Circulating HIV DNA Correlates With Neurocognitive Impairment in Older HIV-infected Adults on Suppressive ART.

作者信息

de Oliveira Michelli Faria, Murrell Ben, Pérez-Santiago Josué, Vargas Milenka, Ellis Ronald J, Letendre Scott, Grant Igor, Smith Davey M, Woods Steven Paul, Gianella Sara

机构信息

University of California San Diego, La Jolla, CA, USA.

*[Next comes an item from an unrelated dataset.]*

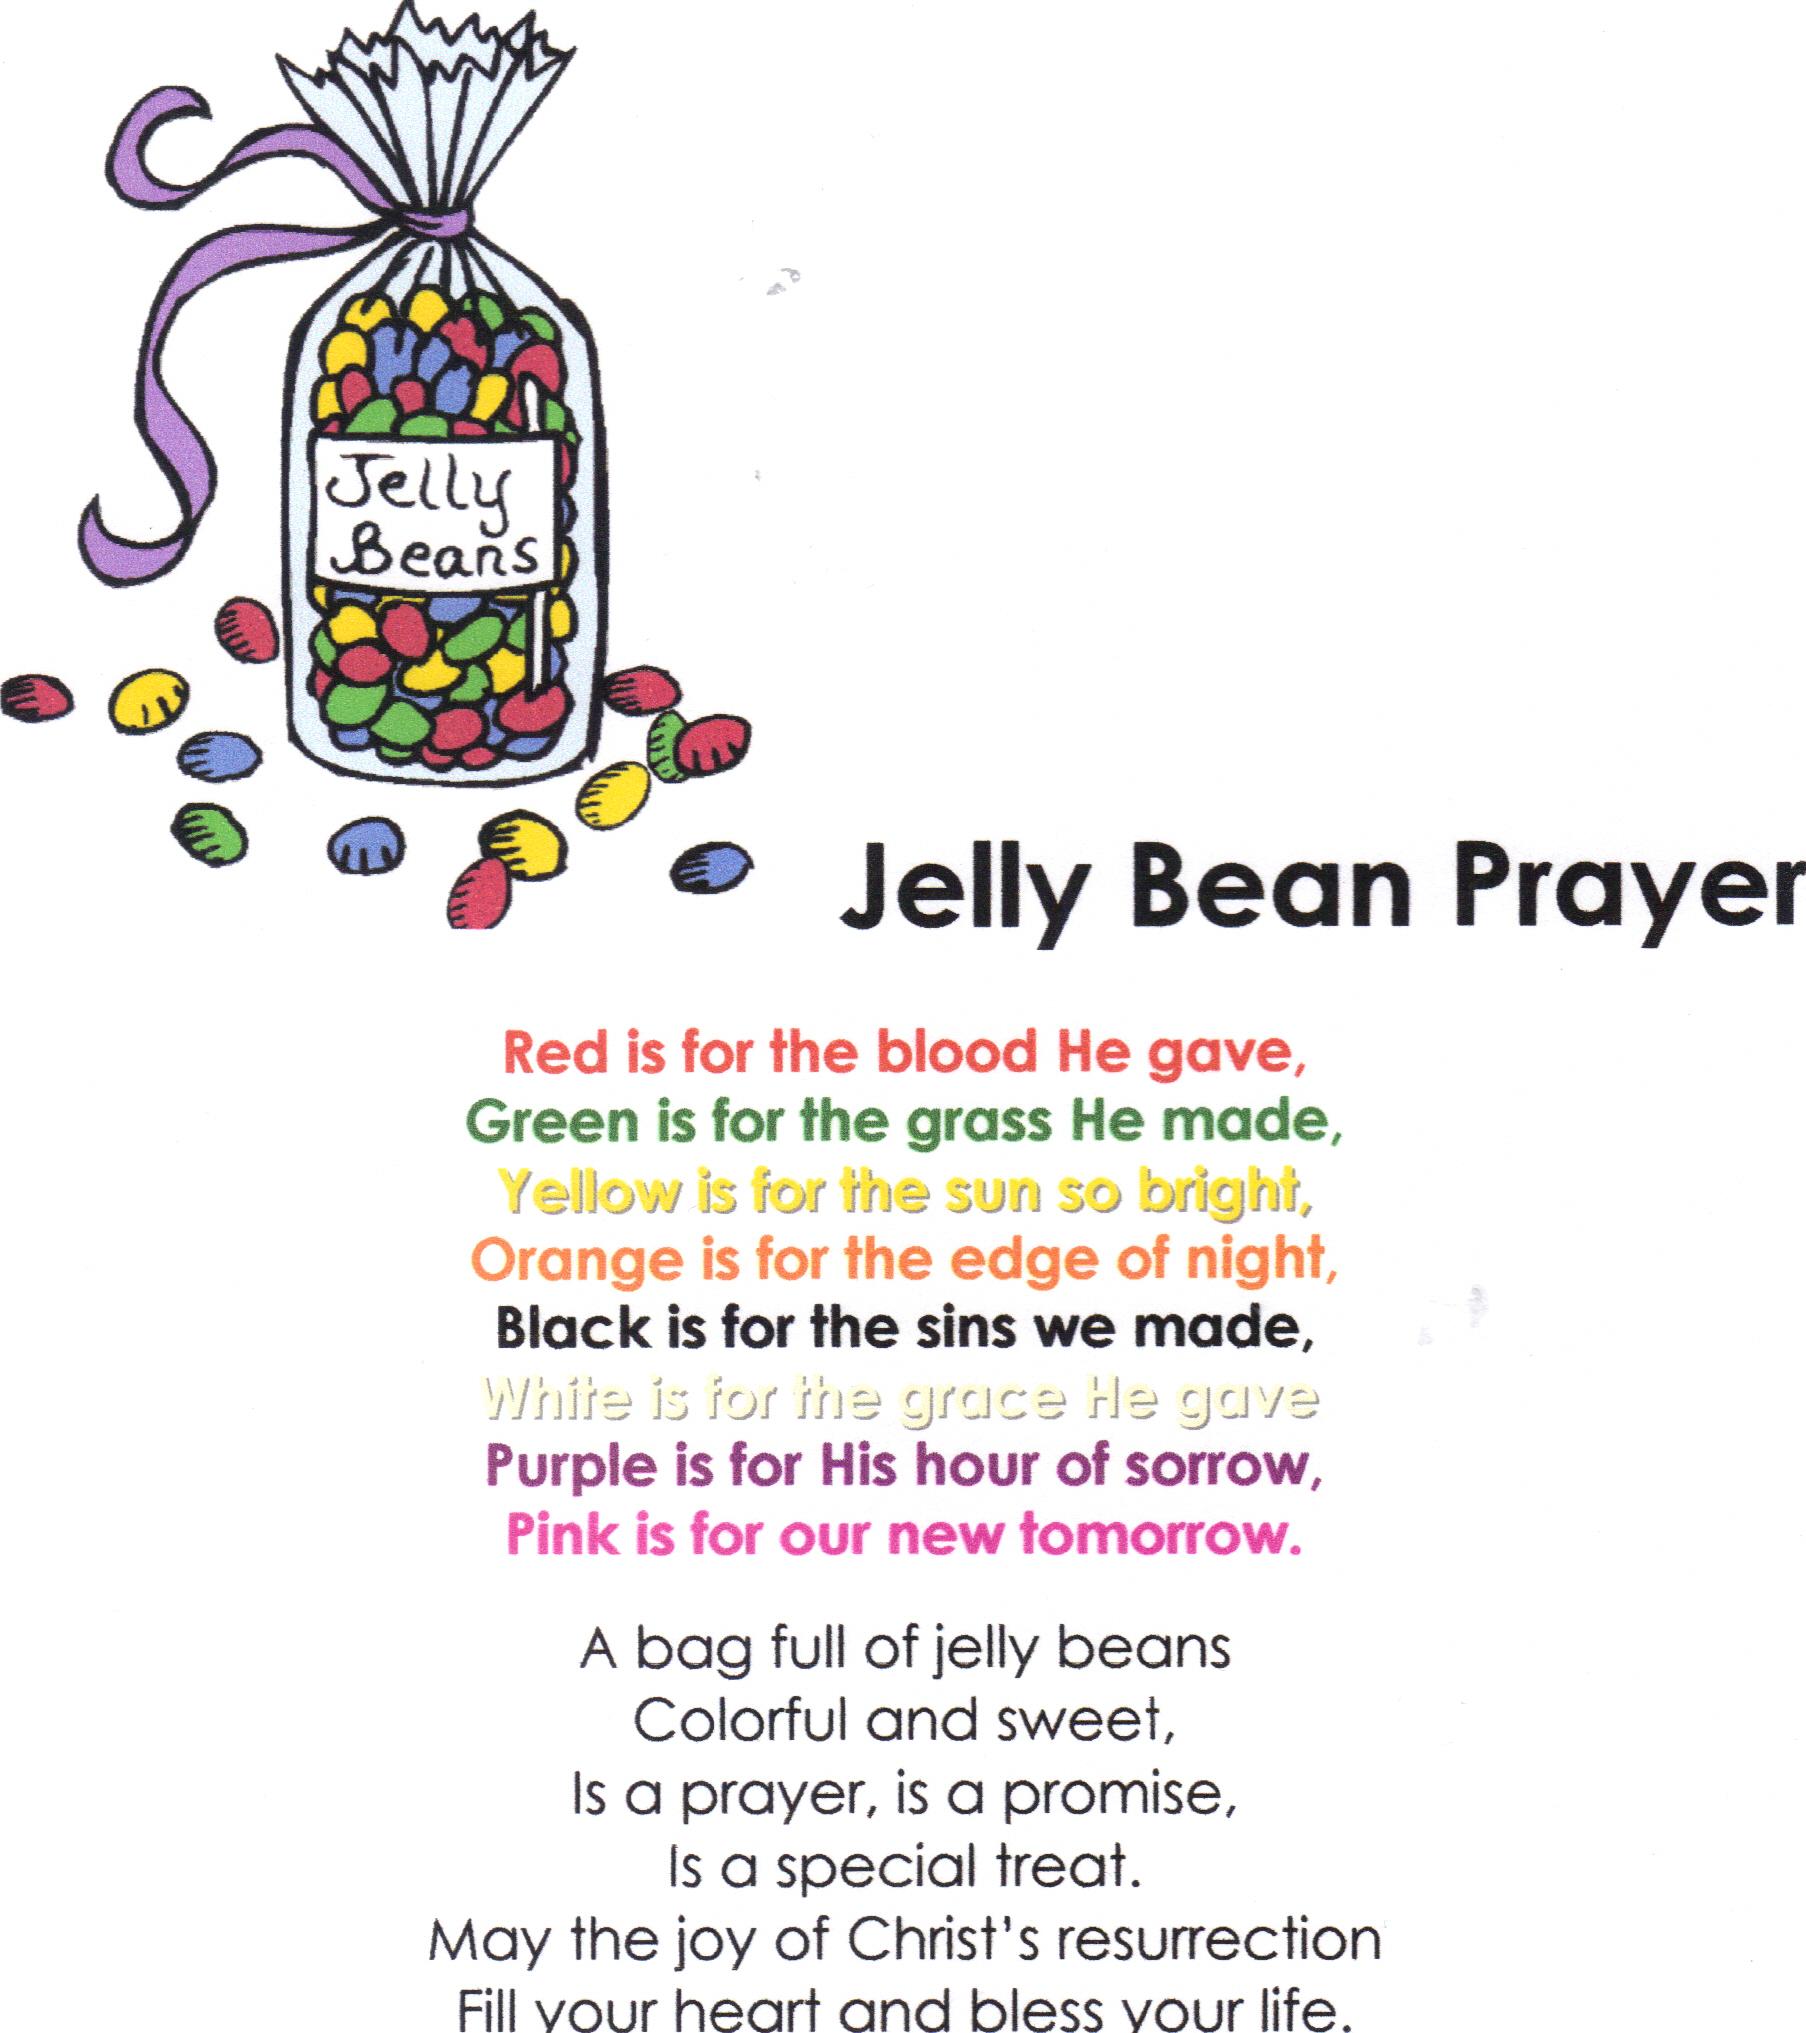 Jelly Bean Prayer

HIV Neurobehavioral Research Center, San Diego, CA, USA.

出版信息

Sci Rep. 2015 Nov 25;5:17094. doi: 10.1038/srep17094.

Abstract

Older HIV-infected adults have a higher risk of neurocognitive impairment, but the underlying mechanisms are poorly understood. Here, we investigated the associations between levels of HIV DNA in peripheral blood, soluble markers of inflammation and cellular trafficking in blood and cerebrospinal fluid (CSF) and neurocognitive functioning among 18 younger (22-40 years) and 26 older (50-71 years) HIV-infected subjects, who were administered a comprehensive neurocognitive battery. Older HIV-infected individuals presented higher levels of inflammation in CSF and blood compared to younger individuals, but no difference was observed in HIV DNA levels. Among older participants, higher HIV DNA levels were significantly associated with more severe neurocognitive impairment (p = 0.005), particularly in the Executive Functions domain (p = 0.004). No association was observed between HIV DNA and neurocognition among younger individuals. Despite significantly increased inflammation observed in the older group, none of the inflammatory markers were associated with neurocognitive impairment among older HIV+ individuals (p > 0.05). Our study supports the involvement of peripheral HIV DNA reservoir in the pathogenesis of neurocognitive disorder during suppressive ART. Correlates of neurocognitive impairment might differ between younger and older adults, suggesting that future treatment and prevention strategies for HIV-associated neurocognitive disorders likely need to be tailored based on age.

摘要

年长的HIV感染者患神经认知障碍的风险更高,但其潜在机制尚不清楚。在此,我们调查了18名年轻(22 - 40岁)和26名年长(50 - 71岁)HIV感染者外周血中HIV DNA水平、血液和脑脊液(CSF)中炎症和细胞运输的可溶性标志物与神经认知功能之间的关联,这些受试者接受了全面的神经认知测试。与年轻个体相比,年长的HIV感染者CSF和血液中的炎症水平更高,但HIV DNA水平未观察到差异。在年长参与者中,较高的HIV DNA水平与更严重的神经认知障碍显著相关(p = 0.005),特别是在执行功能领域(p = 0.004)。在年轻个体中未观察到HIV DNA与神经认知之间的关联。尽管在年长组中观察到炎症显著增加,但在年长的HIV阳性个体中,没有一种炎症标志物与神经认知障碍相关(p > 0.05)。我们的研究支持外周HIV DNA储存库在抑制性抗逆转录病毒治疗期间神经认知障碍发病机制中的作用。神经认知障碍的相关因素在年轻人和年长者中可能不同,这表明未来针对HIV相关神经认知障碍的治疗和预防策略可能需要根据年龄进行调整。